Oil edged up from a more than two-year low to near $95 a barrel on Wednesday as a slightly better-than-expected Chinese factory survey countered worries of an economic slowdown in the world's No. 2 oil consumer and ample supplies.

Growth in China's manufacturing sector held up in September but remained subdued. The Purchasing Managers' Index (PMI) came in at 51.1, just ahead of forecasts for a 51.0 reading and offering some relief to investors worried about slowing growth.

Concern over increasing OPEC oil supply, weak European and Chinese growth and a stronger dollar pushed global benchmark Brent to its lowest since June 2012 on Tuesday, and the same factors are likely to keep a lid on any price recovery.

"The sentiment remains overwhelmingly bearish at the moment: there is little support for demand, while supply is strengthening," Carsten Fritsch, a commodities analyst at Commerzbank, said.

Brent crude was up 23 cents at $94.90 a barrel by 1005 GMT. On Tuesday, it touched a session low of $94.24, its weakest since June 2012. U.S. crude gained 41 cents to $91.57.
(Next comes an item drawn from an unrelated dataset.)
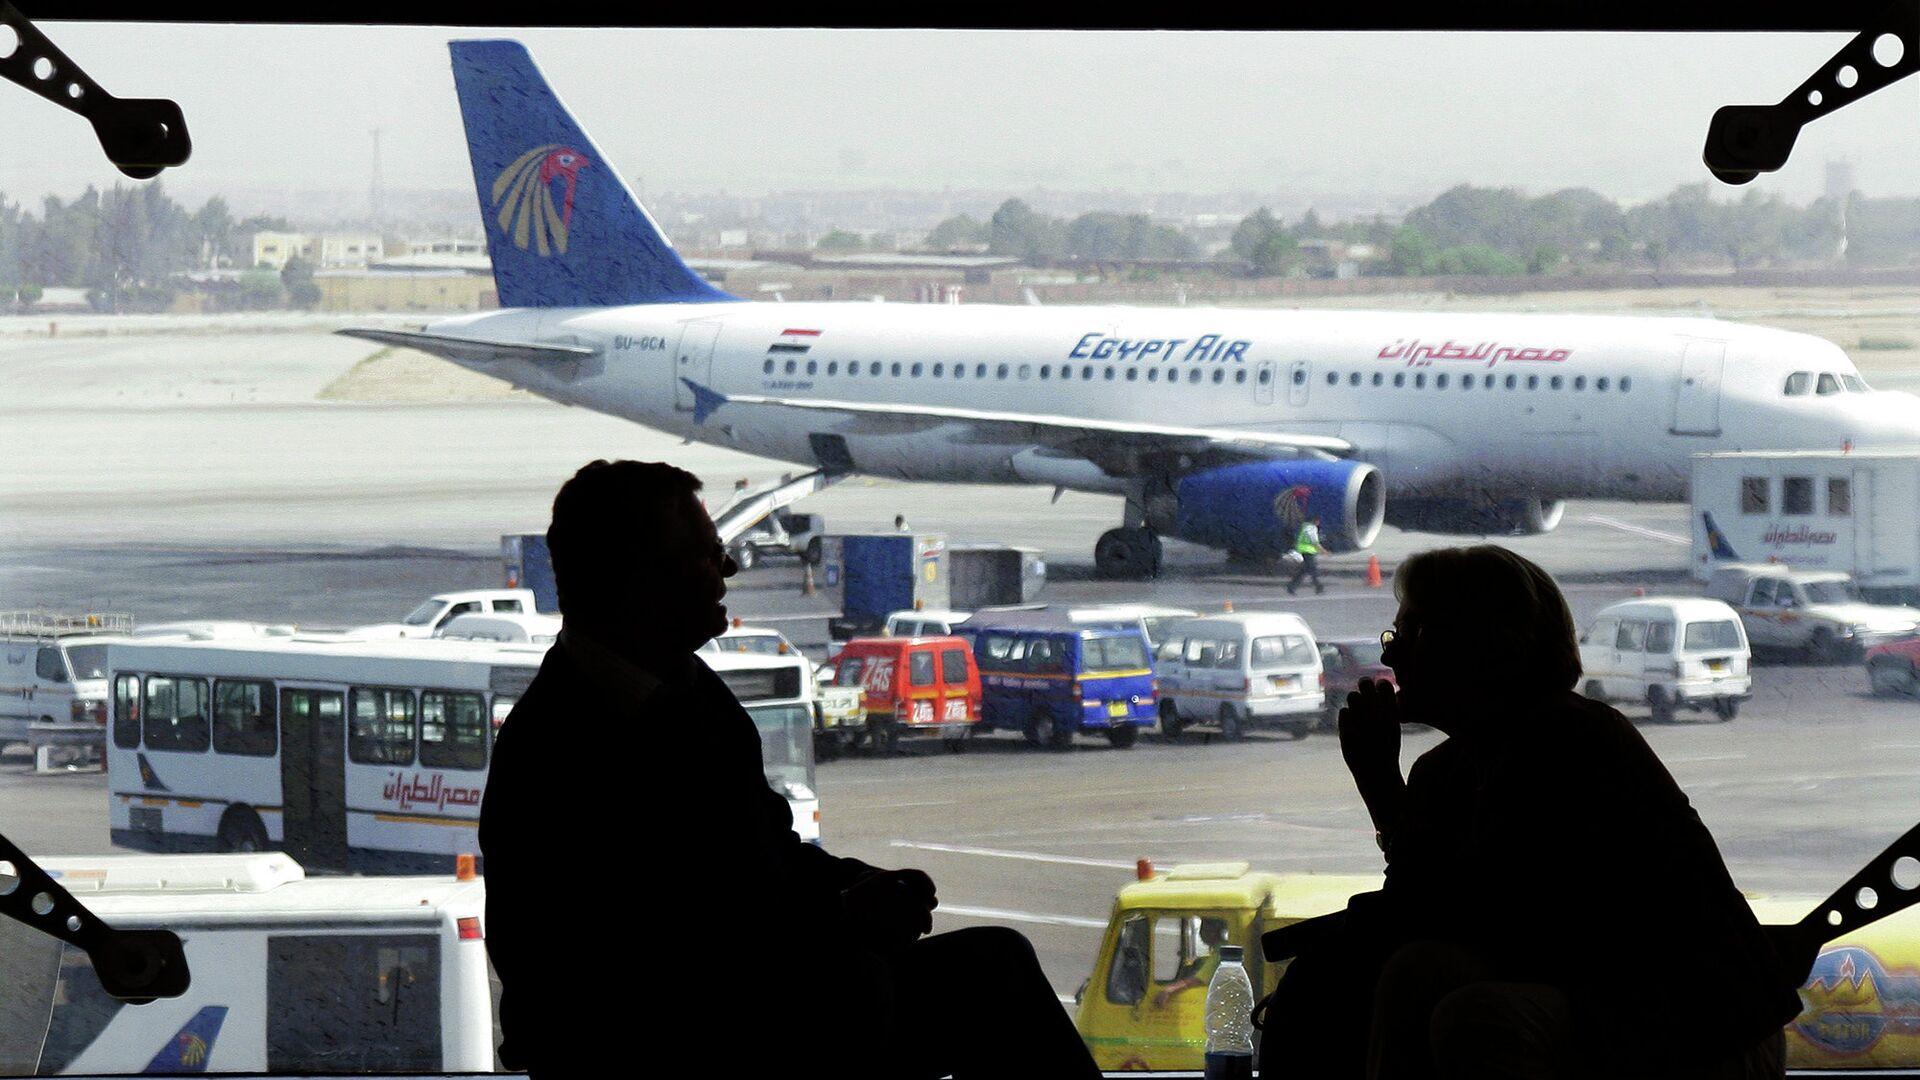 Самолет авиакомпании EgyptAir в аэропорту Каира, Египет - РИА Новости, 1920, 09.07.2021

European economic data offered little relief. The euro zone's PMI shrank to 50.3 in September, its lowest since July 2013 and only slightly above the 50 that separates growth from contraction.

The dollar index rose slightly on Wednesday, weighing on oil prices after reaching a four-year peak on Tuesday.

US crude gained some support from industry group the American Petroleum Institute's weekly supply report, which said crude inventories fell by 463,000 barrels, rather than increasing by 700,000 barrels as analysts had expected.

Investors will be looking to official inventory data from the U.S. government, due on Wednesday at 1430 GMT, to confirm the surprise drawdown.

Brent's drop below $100 has brought prices below the level publicly endorsed by top OPEC exporter Saudi Arabia, but so far there has been no sign of any price-supporting supply cutbacks from the Organization of the Petroleum Exporting Countries.

In September, OPEC oil supply jumped to its highest in almost two years, a Reuters survey found, due to a further recovery in Libya and higher output from Saudi Arabia and other Gulf producers.

"OPEC needs to cut production to rebalance oil markets, yet we see no evidence or sense of urgency for a faster reduction in production," Morgan Stanley analysts including Adam Longson said in a note.

Some OPEC members have expressed concern over the drop in prices, and a debate is likely to occur at its meeting on Nov. 27 in Vienna on whether output needs to be reduced.